Where to see and what to know about the narwhal, the unicorn of the sea

For the past few days you have been exploring the far northern reaches of Canada, camping out on the ice floes that surround Bylot and Baffin Island. So far you have had heart-pumping encounters with polar bears, met with the local Inuit people, witnessed seals and walrus, and climbed steep icebergs.


Today as you relax by the flow edge watching a flock of eider ducks swoop down over the still water, you see for the very first time, the tusk of a narwhal pierce the surface. Your guide surveys the situation as they playfully delve beneath you in search of food, and decides that it is safe to swim with them today. You don your dry suit and snorkel, slowly lowering yourself in from the ice to the freezing water.


Our Narwhal and Polar Bear safari gives you the option of swimming with the narwhal if the opportunity arises, but for those who would prefer not to get wet, you can relax and watch them from the safety of the floe edge.


You can see narwhal battling their way in through the crack in the floe edge in search of food as the summer approaches the Arctic.

narwhal

These magnificent animals are famous for the intricate, spear-like tusk that protrudes from their heads. Actually an elongated canine growing straight through the top lip, this tusk seen on males, grows up to 2.7 metres in length and it spirals towards the tip with a hollow interior. The purpose of the ‘tusk’ or tooth still isn’t confirmed, though thought perhaps to impress females. Females occasionally grow their own, but it is never as impressive as the males, in fact some males can grow two.


By definition, the word ‘narwhal’ means corpse whale, as they often swim on their backs and lay without moving for several minutes. Part of the Monodontidae family, alongside the beluga whale, they feed on squid and fish and travel in groups, usually of between 15 and 20 individuals.

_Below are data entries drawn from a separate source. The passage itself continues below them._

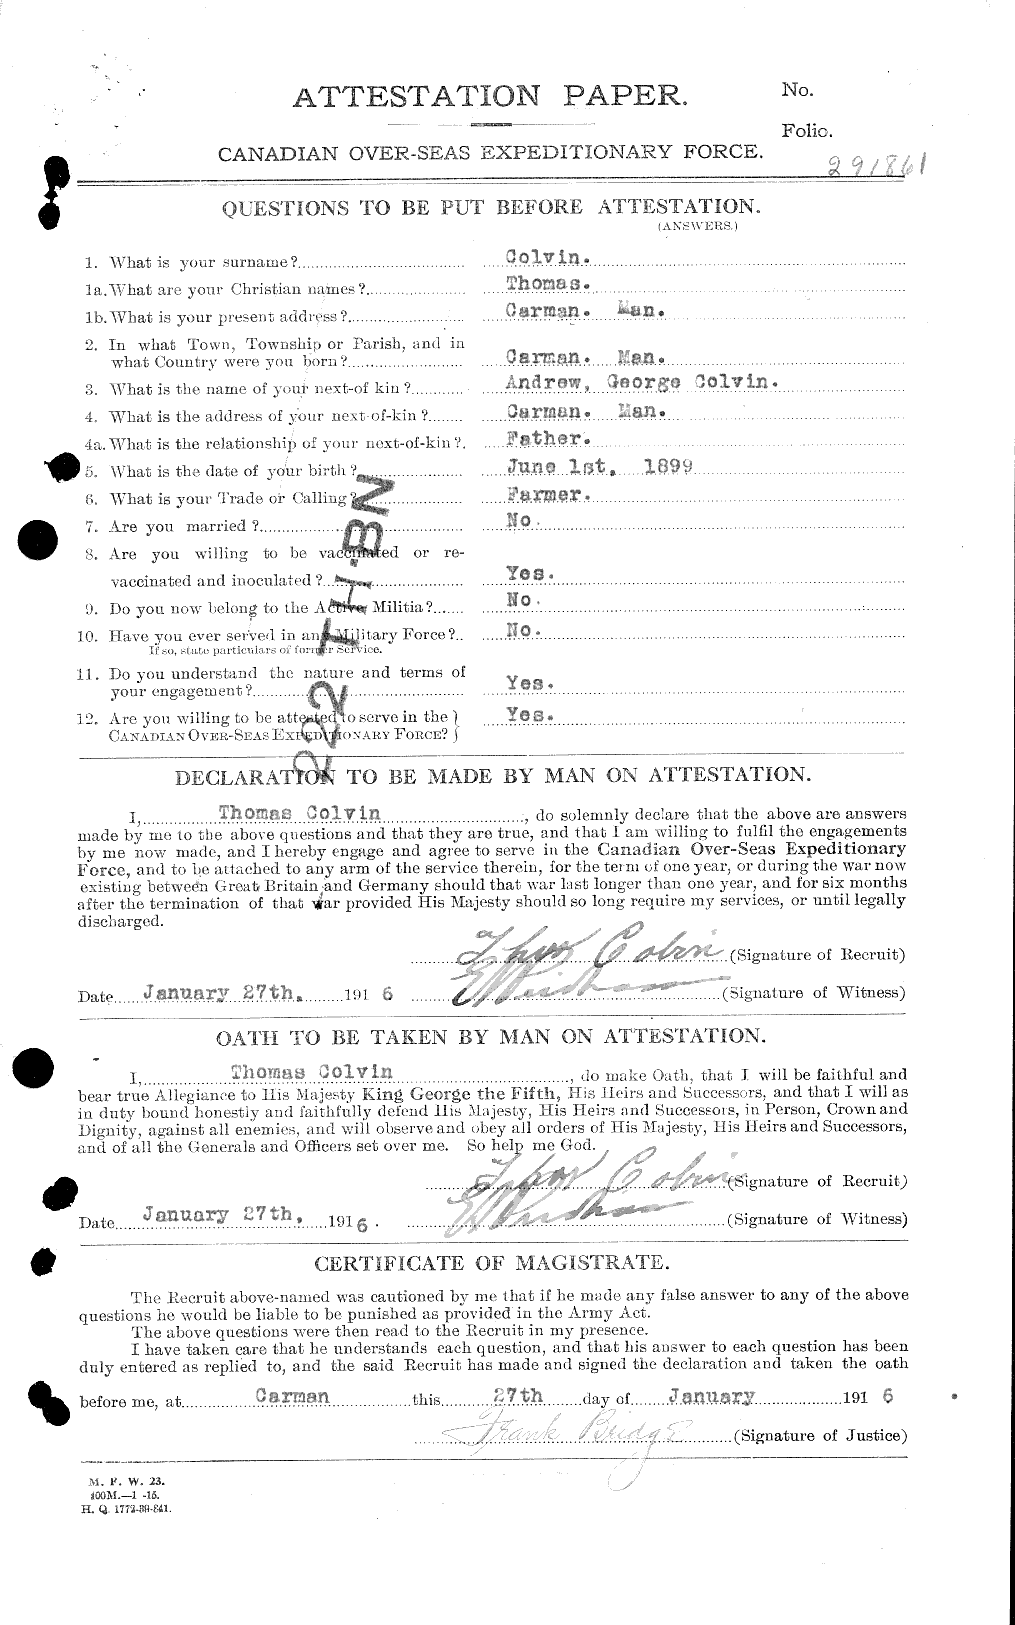 Dossiers du Personnel de la Première Guerre mondiale - CEC 043793a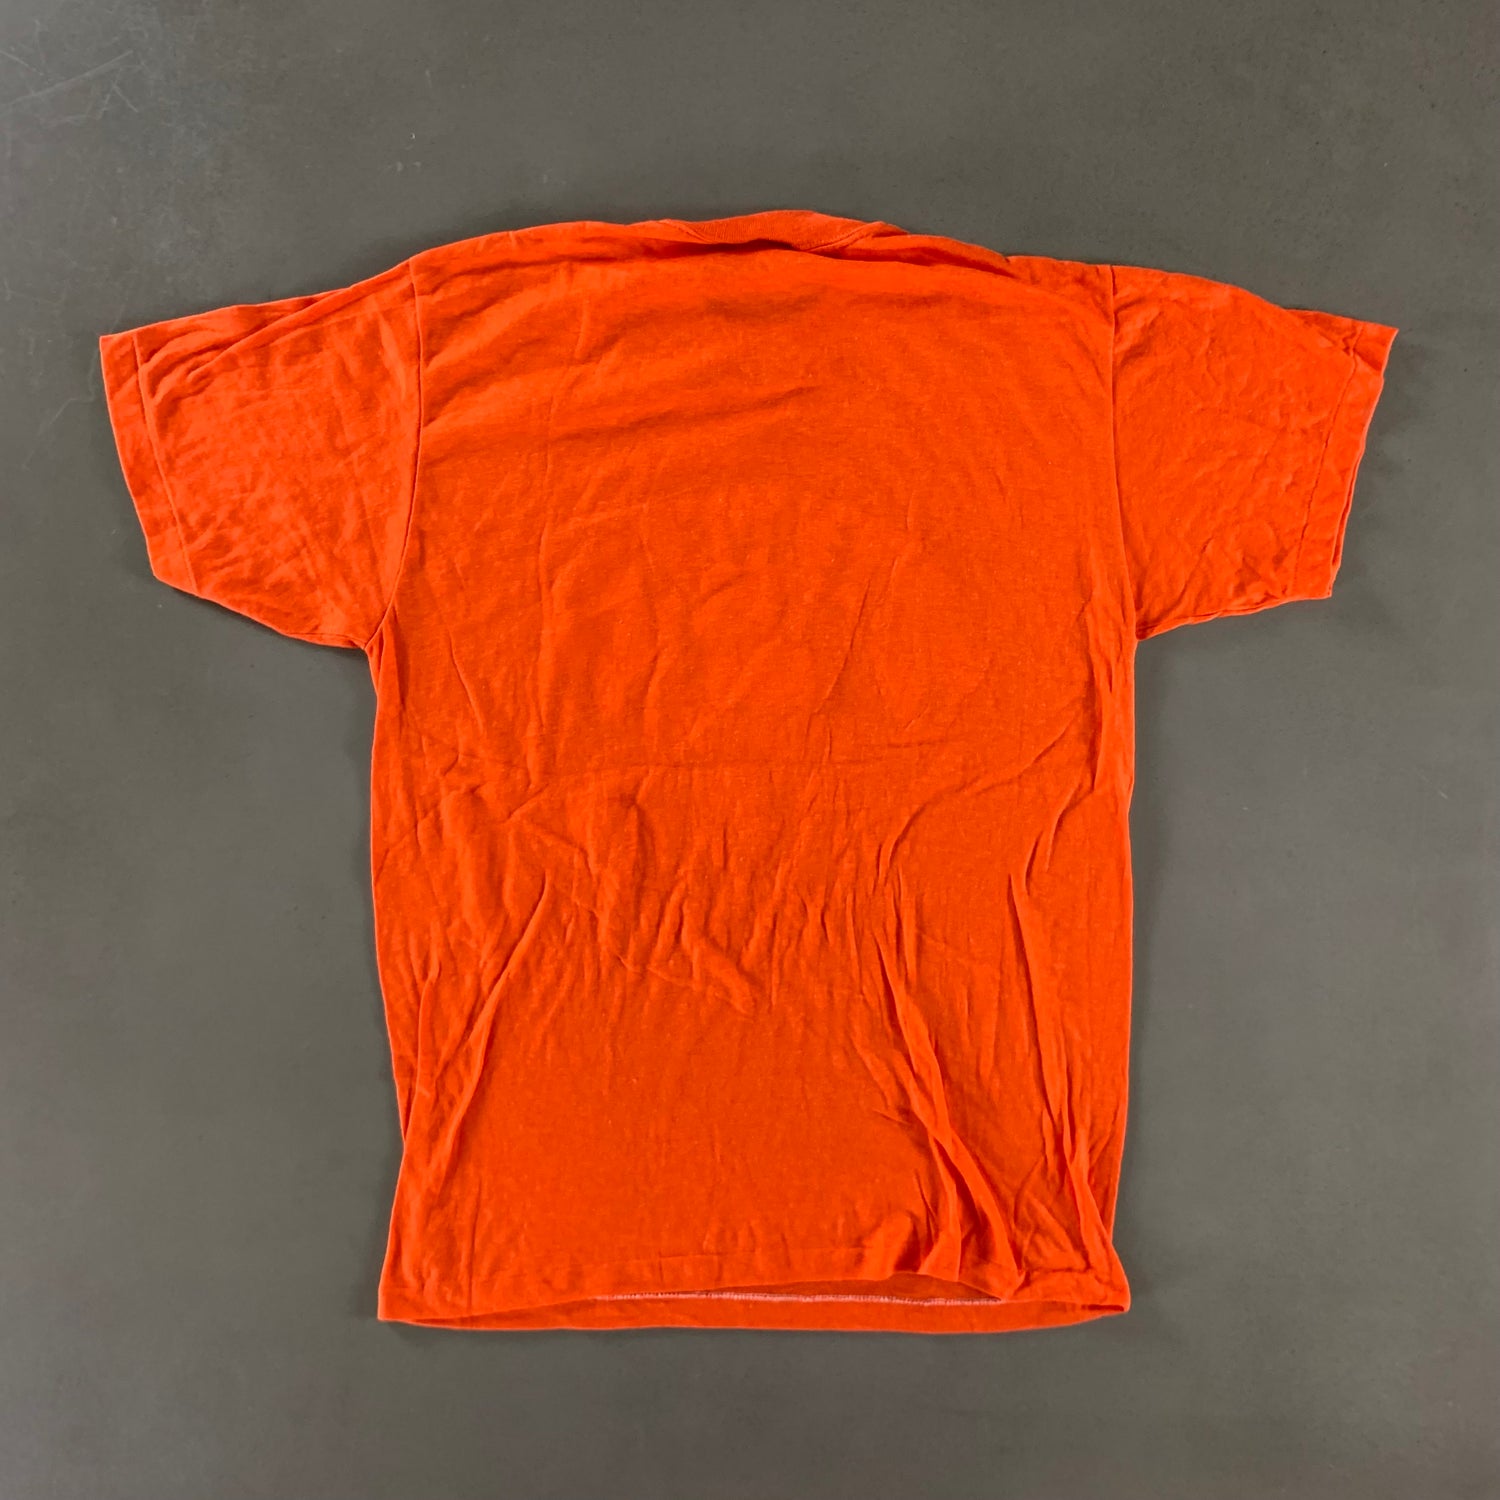 Vintage 1987 Denver Broncos T-shirt size Large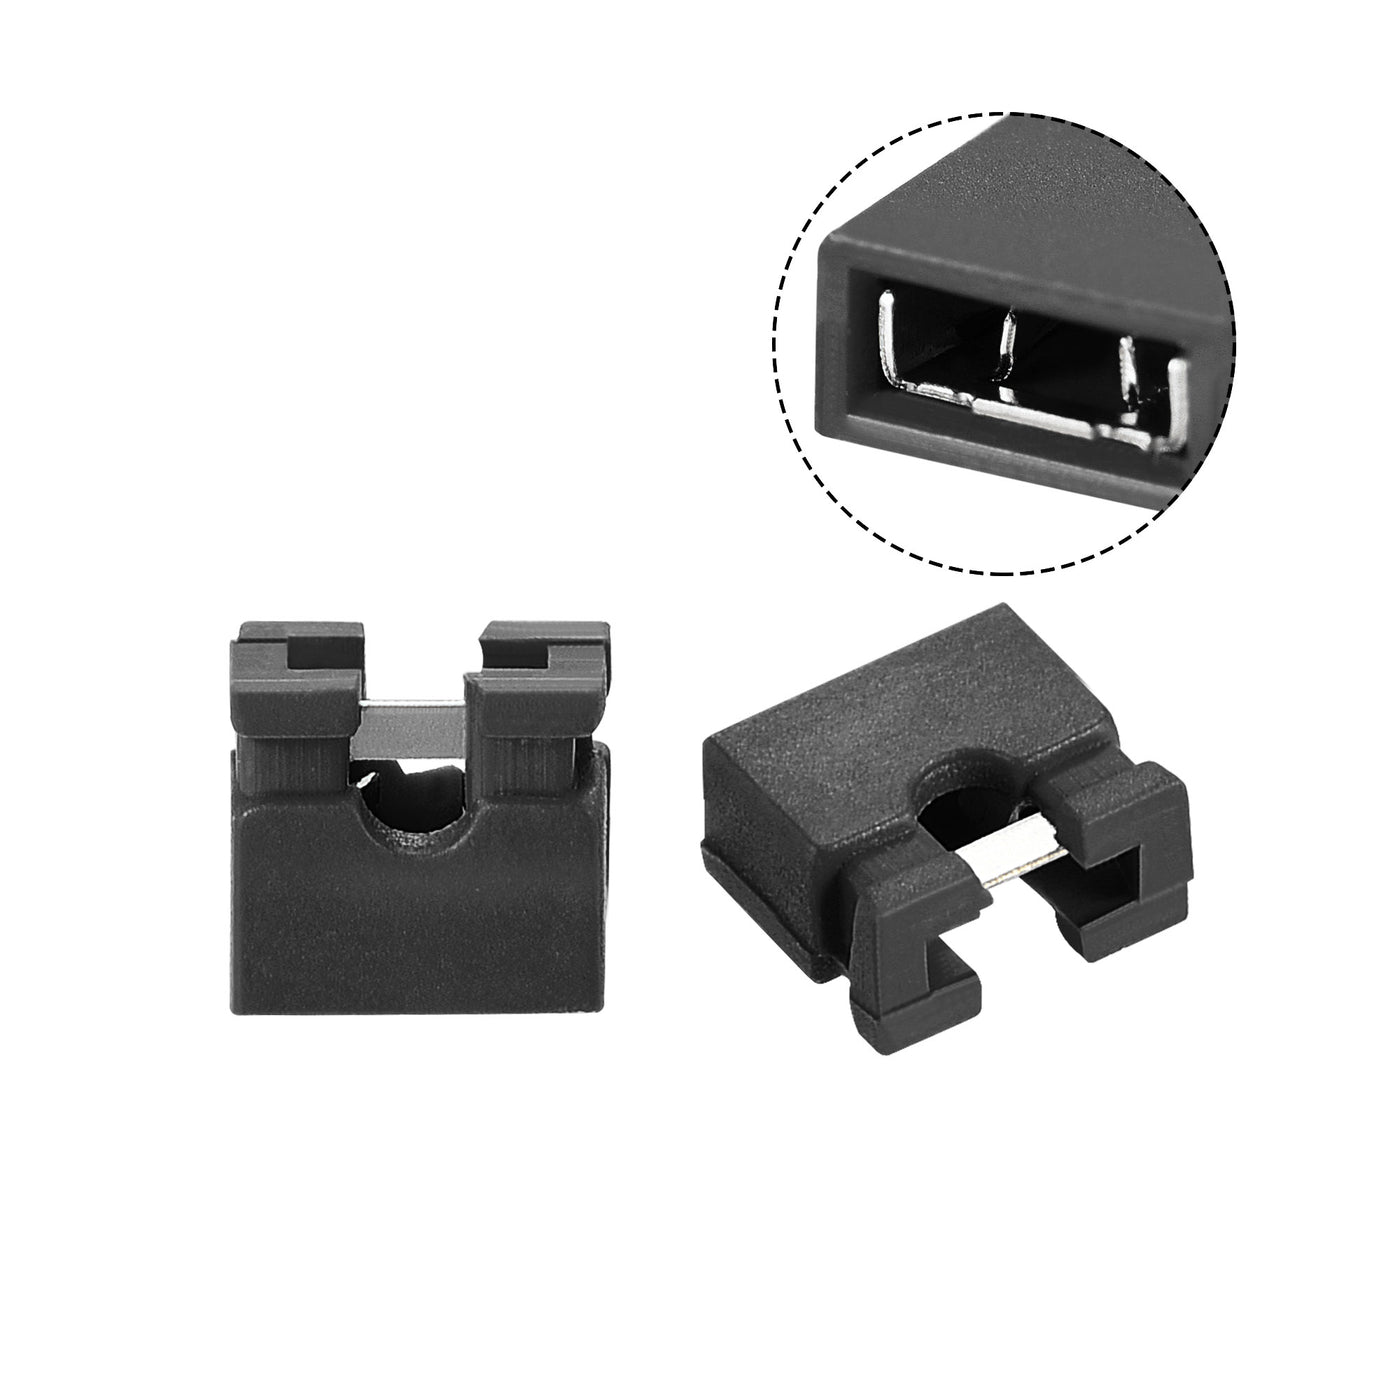 uxcell Uxcell 50pcs 2mm Standard Pin Header Jumper Cap Short Circuit Connection Cap Mini Micro Jumper Bridge Plug Black

Narwhals are among the world’s deepest known divers, staying under the water for up to 25 minutes at a time and going as deep as 1,500 metres. They often get trapped in moving pack ice and fall prey to Inuit who hunt them for their beautiful tusks and their vitamin C rich skin. There are strict hunting quotas in place to help ensure the survival of the species. Known enemies of the narwhal are polar bears, walruses and humans.


Solely living in Arctic waters, they have been seen in joined pods of hundreds, or even thousands, as they try to work their way into the cracks of breaking floe ice.